Es braucht einen Feuerwehraufzug

«Die große Herausforderung ist der Brandschutz», erklärte Albers. Unter anderem müssen zwei getrennte Rettungswege existieren. Neben dem Treppenhaus mit rund 1000 Stufen müsste in mindestens einem der zwei Schächte ein Feuerwehraufzug installiert werden. 

Das sei zwar möglich, «aber diese Anfangsinvestition killt jeden Businessplan», so Albers. «Ohne öffentliche Mittel wird das nicht gehen.» In Dresden und Hamburg würden Bund, Land und Stadt die Kosten unter sich aufteilen. «Dieses Modell könnte man auf Frankfurt übertragen.»

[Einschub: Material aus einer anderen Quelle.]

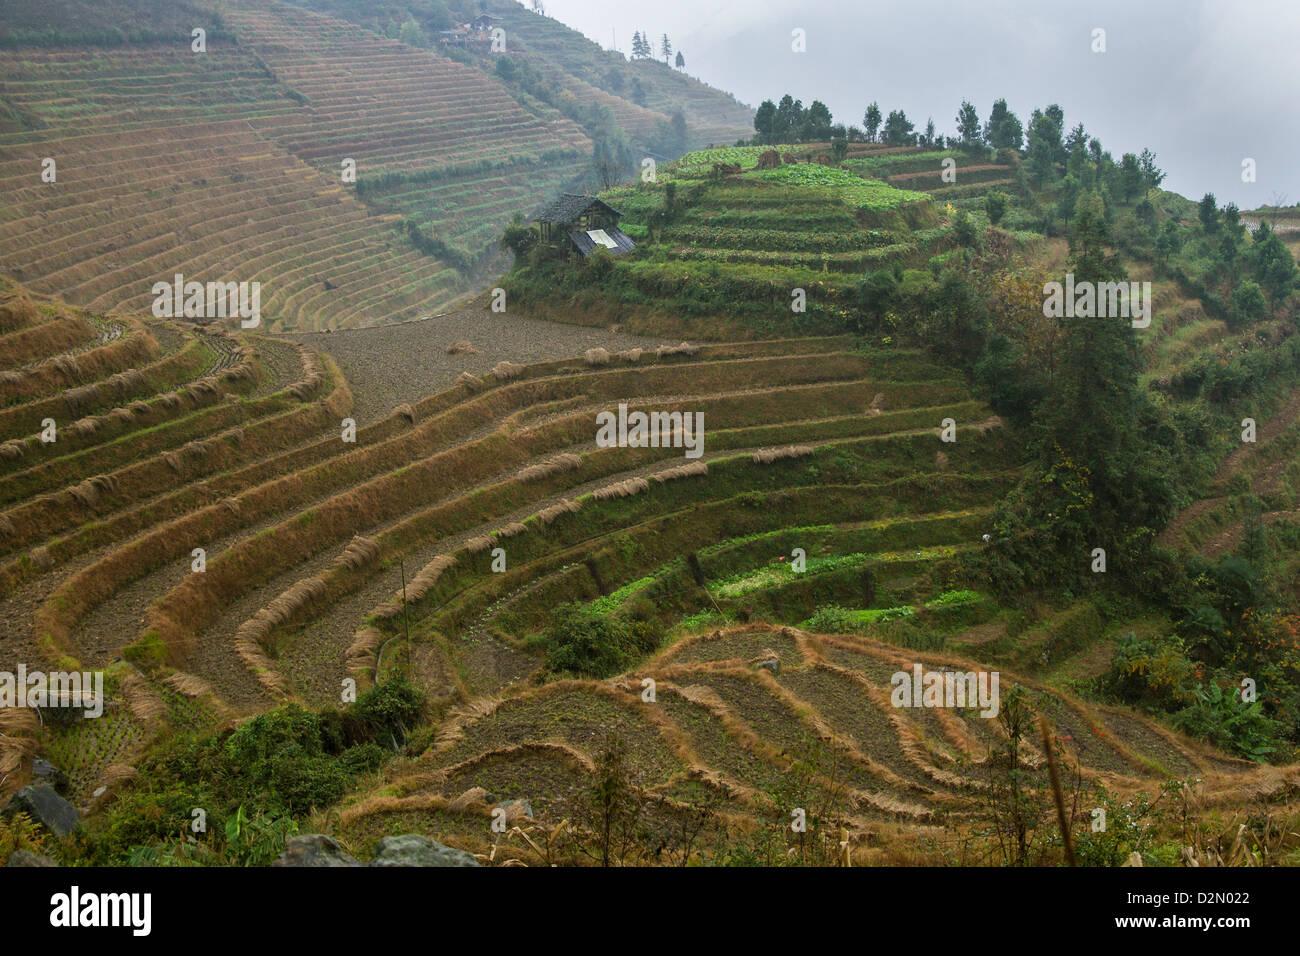 Rice terraces, Longji, Guangxi, China, Asia - Stock Image

Allerdings würde die Ertüchtigung in Frankfurt vermutlich teurer, weil der Turm höher und die Fläche größer ist. Die beiden anderen Städte rechnen Albers zufolge mit Kosten von 25 beziehungsweise 37,5 Millionen Euro. «Es hängt also an der öffentlichen Hand, ob sie die Rahmenbedingungen herstellt, damit dann ein Investor einsteigen kann.»